21 mars 2008

Bloguer n'est plus une tendance, mais une réalité pour tous. Journalistes y compris !


J'assistais cette semaine aux rencontres régionales du Conseil de Presse du Québec dans le cadre de sa tournée des régions. Il est clair selon moi, qu'à la lumière des commentaires exprimés par les participants de la réunion à laquelle j'ai assisté, que la concentration de la presse n'est pas bien vue en région. Il est également ressorti que les médias régionaux sont beaucoup plus perçus au service des annonceurs quoi qu'ils en disent lors d'audiences publiques, qu'au service des lecteurs. On paie une pub et on parle de nous. On ne traite plus l'information, on annonce.

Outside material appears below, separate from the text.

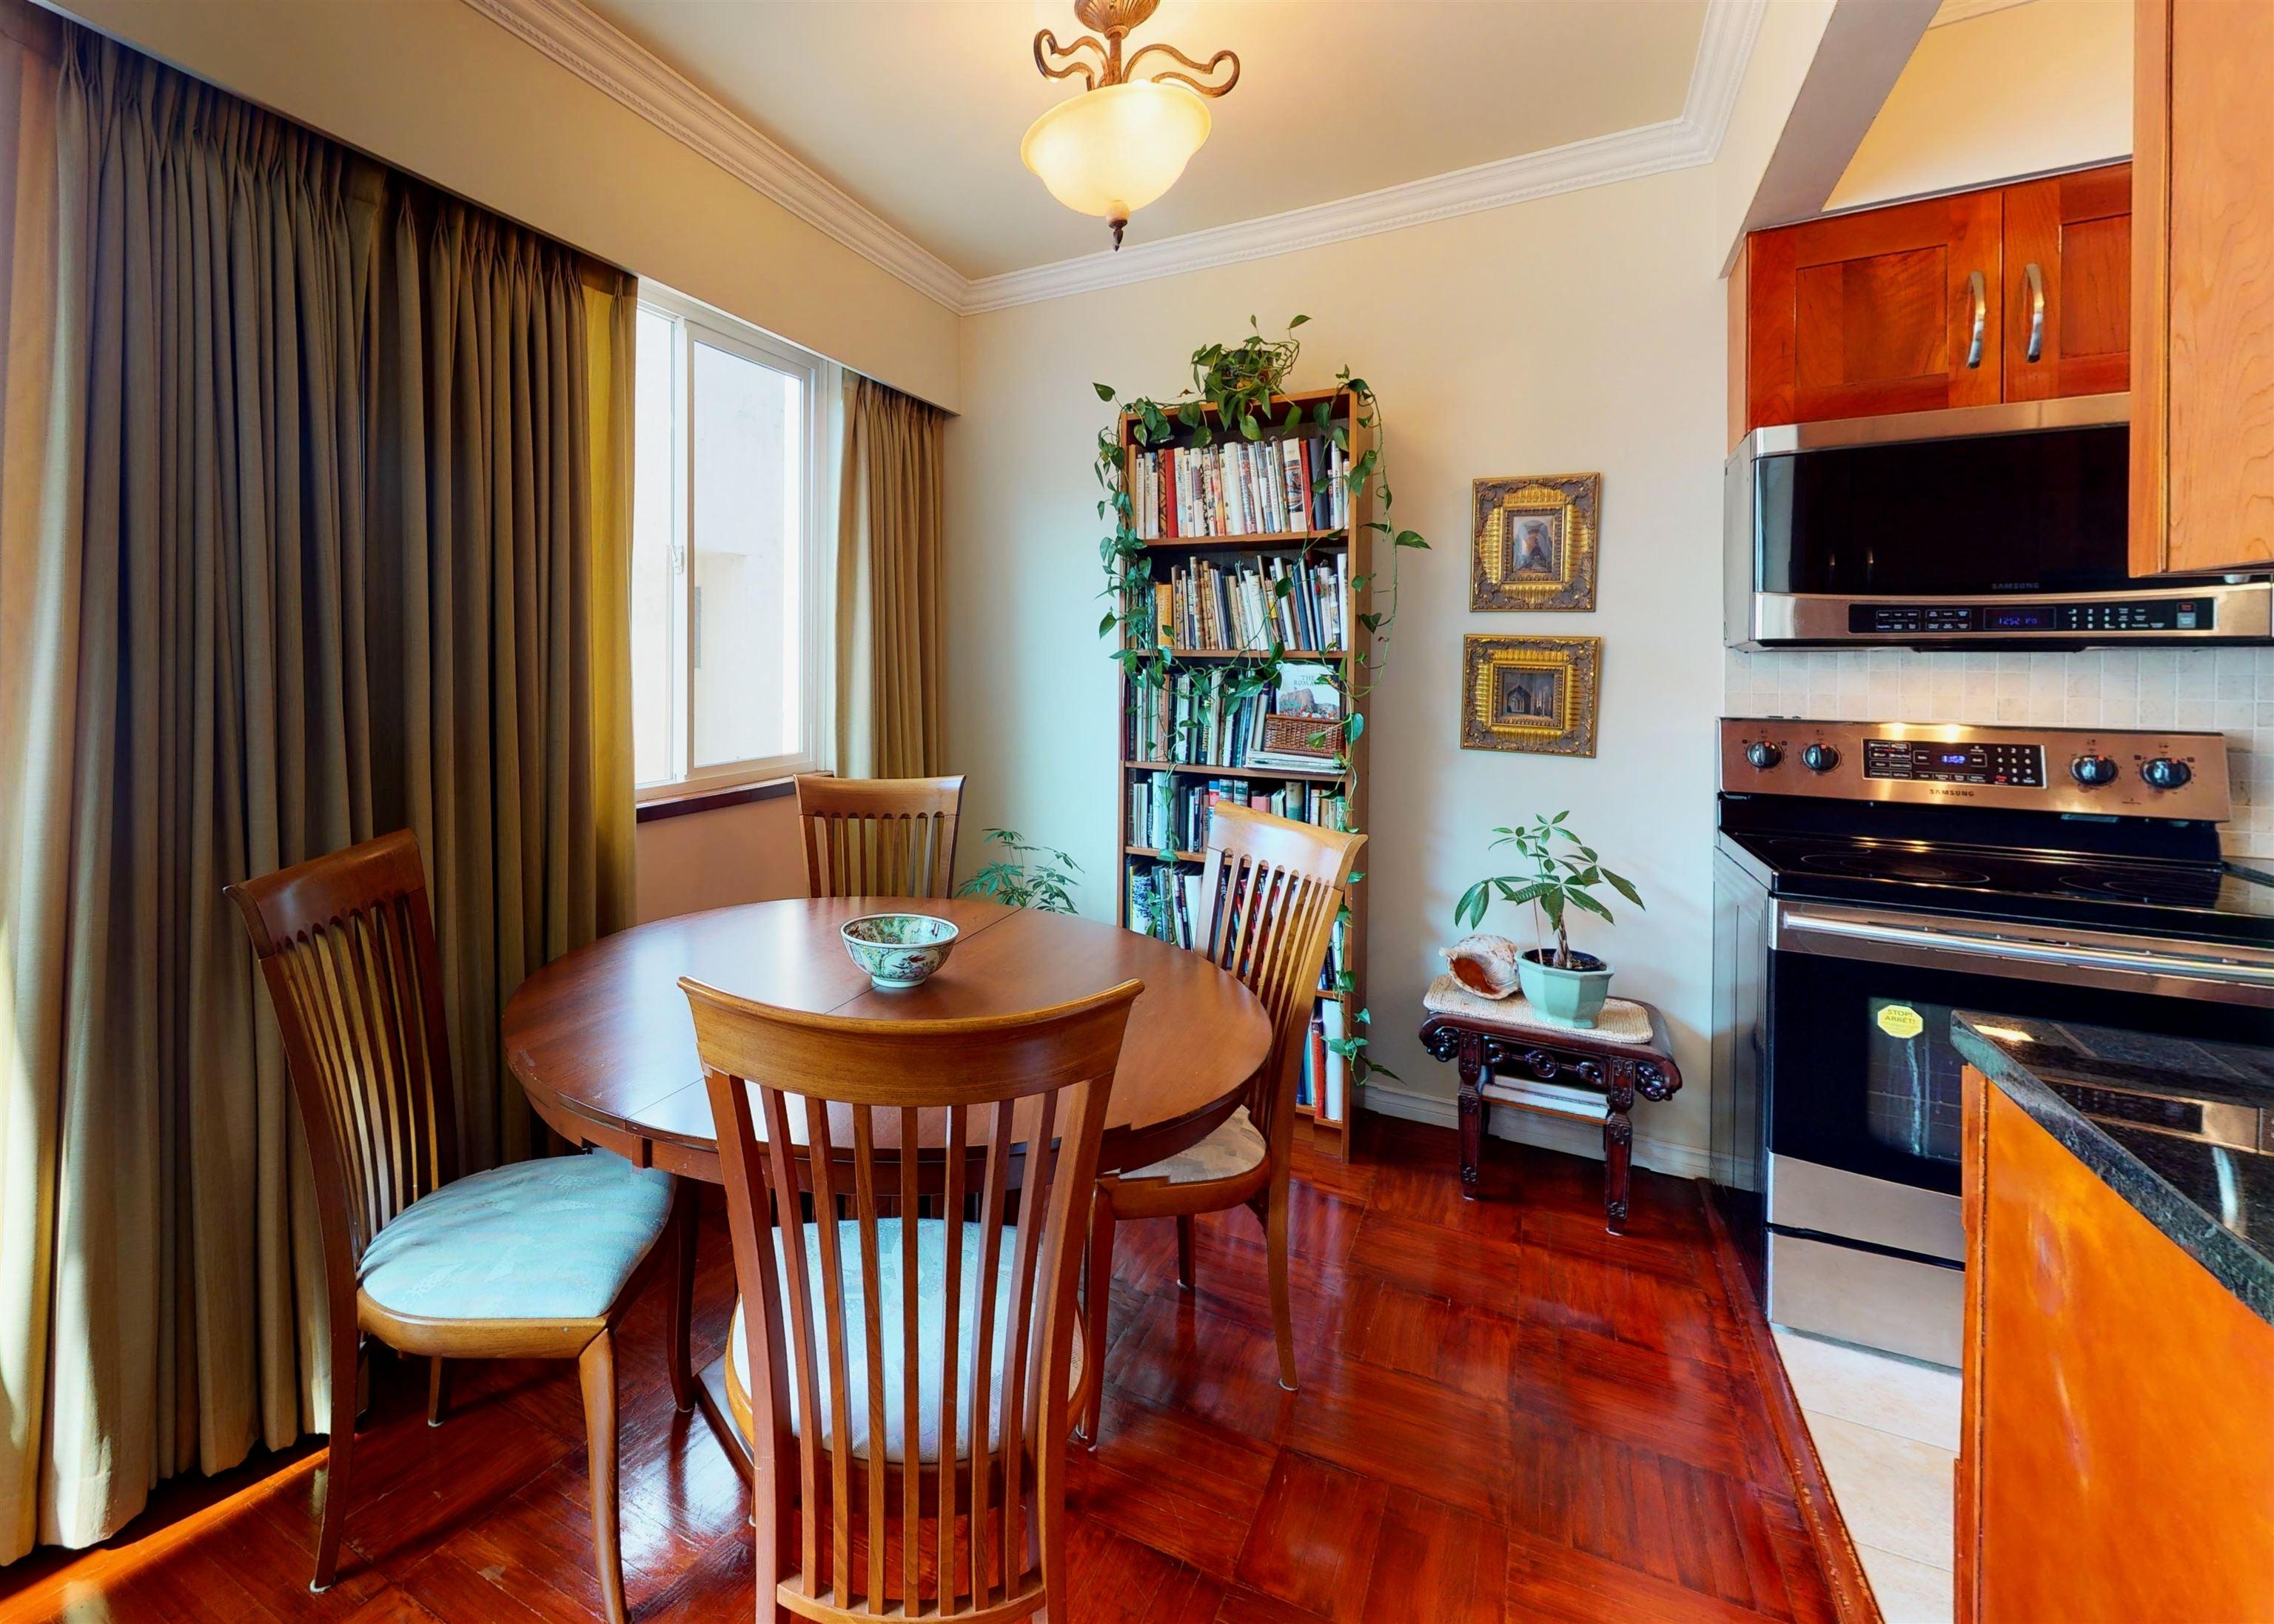 202 1750 ESQUIMALT AVENUE - Ambleside Apartment/Condo for sale, 1 Bedroom (R2610188) - #10

Une nouvelle forme de journalisme existe maintenant. Le journalisme citoyen, les blogues et forums d'opinion sont les nouvelles sources d'information complémentaires aux feuillets publicitaires que sont devenus les hebdos régionaux. Tout un changement du rôle du journaliste tel qu'attendu et annoncé tel quel. Sont-ils devenus des vedettes, ou un produit média à vendre comme d'autres et hops plus de journalistes ? Le conseil de Presse s'y penche sérieusement et réalise bien qu'il devra s'ajuster. Michelle Blanc nous présente aussi dans son blogue une démonstration de la tendance certaine de l'interaction journaliste-blogueur de demain.

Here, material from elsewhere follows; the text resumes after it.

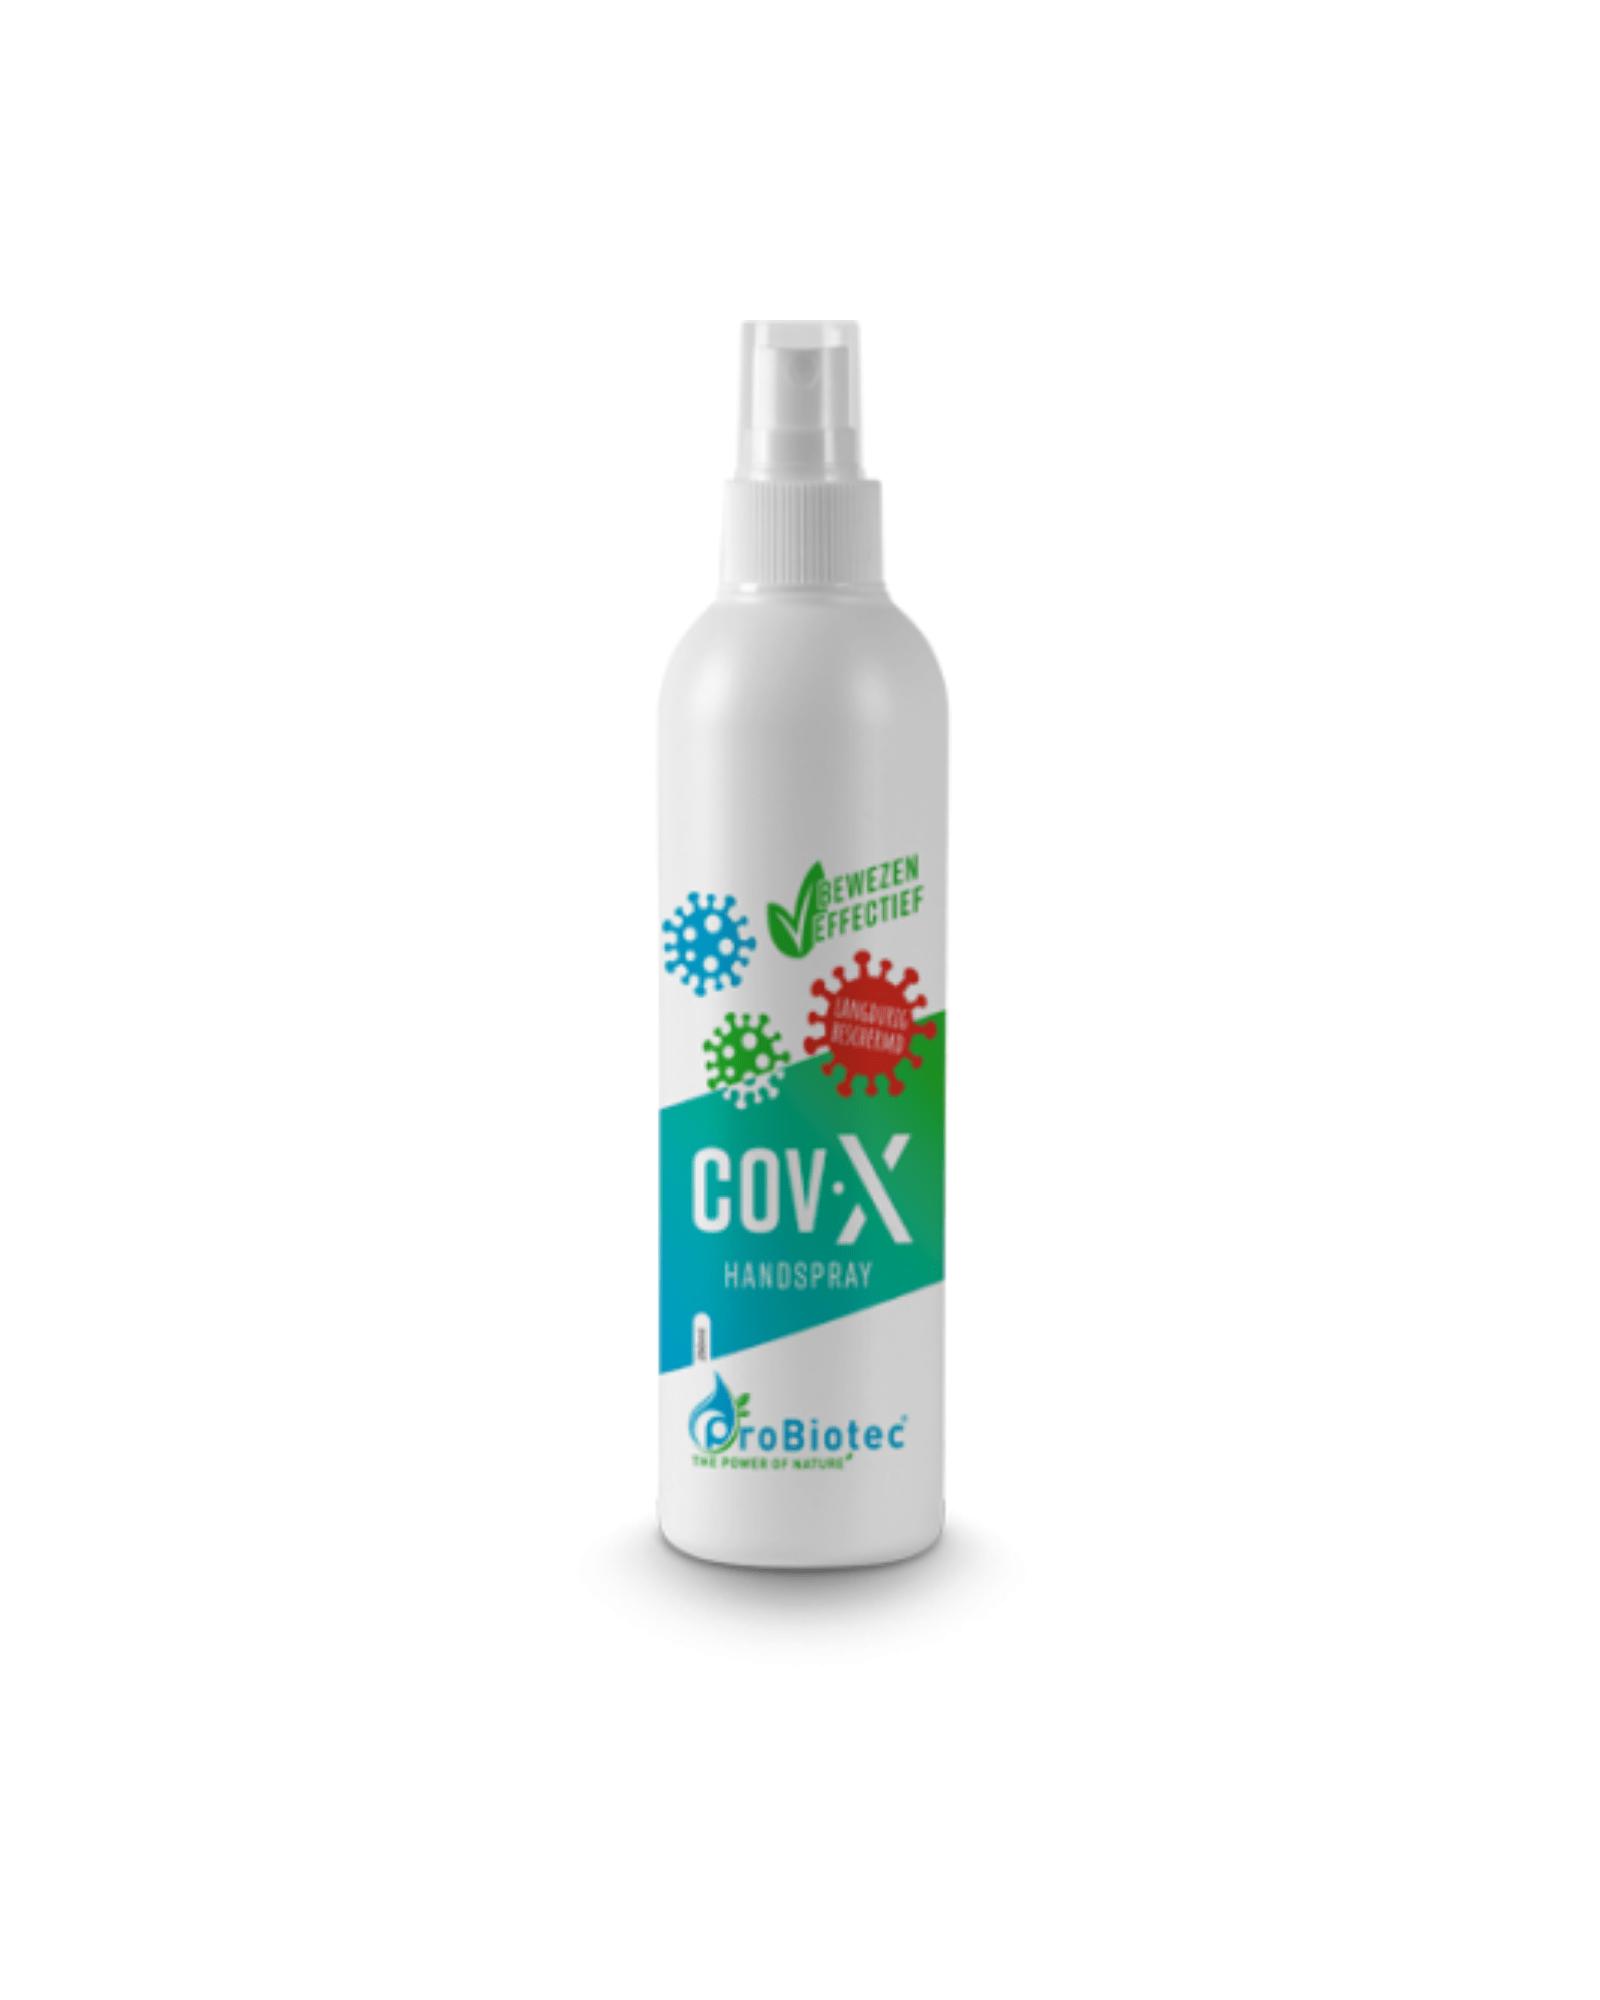 COV-X handspray | KoffiePartners

Le journalisme pur tel que décrit dans les statuts de la FPJQ et du Conseil de Presse n'existe pratiquement plus selon moi. Chronique d'humeur, columnist, blogueur, éditorialiste, repiquage de nouvelles meublent maintenant les médias régionaux. Il faudra une mise à niveau complète du rôle de ce tribunal d'honneur et encore de véritables décisions qui viendront éclairer le journaliste et qui permettront au lecteur de véritablement savoir si ce qu'il lit est une chronique, un éditorial ou encore un véritable article qui fait appel au journalisme d'information avec une véritable analyse, un dossier et des émissions d’affaires publiques, une nouvelle, un compte rendu et un réel reportage.

Entretemps, le citoyen compétitionne les médias en participant lui aussi à l'information par ses blogues, forums et autres en y ajoutant les liens vers des références qui permettent au lecteurs de se faire une idée. Le pouvoir de l'information n'appartient plus qu'au journaliste. Internet l'a clanché (sic). Mais comme tout ce qui bouscule dérange, les interventions protectionnistes des médias ont plutôt porté lors de la rencontre publique le même soir sur la protection du scoop journalistique par rapport à leurs collègues et à défendre une pseudo-indépendance journalistique et une crédibilité dans le milieu. Pour ma part, ils ne font plus partie de l'élite. Ils ne sont devenus qu'une simple source d'information au service d'annonceurs qui ne pourra jamais aspirer au même titre que toutes les autres sources d'information souvent plus développées. Ni plus ni moins. À vous de juger maintenant!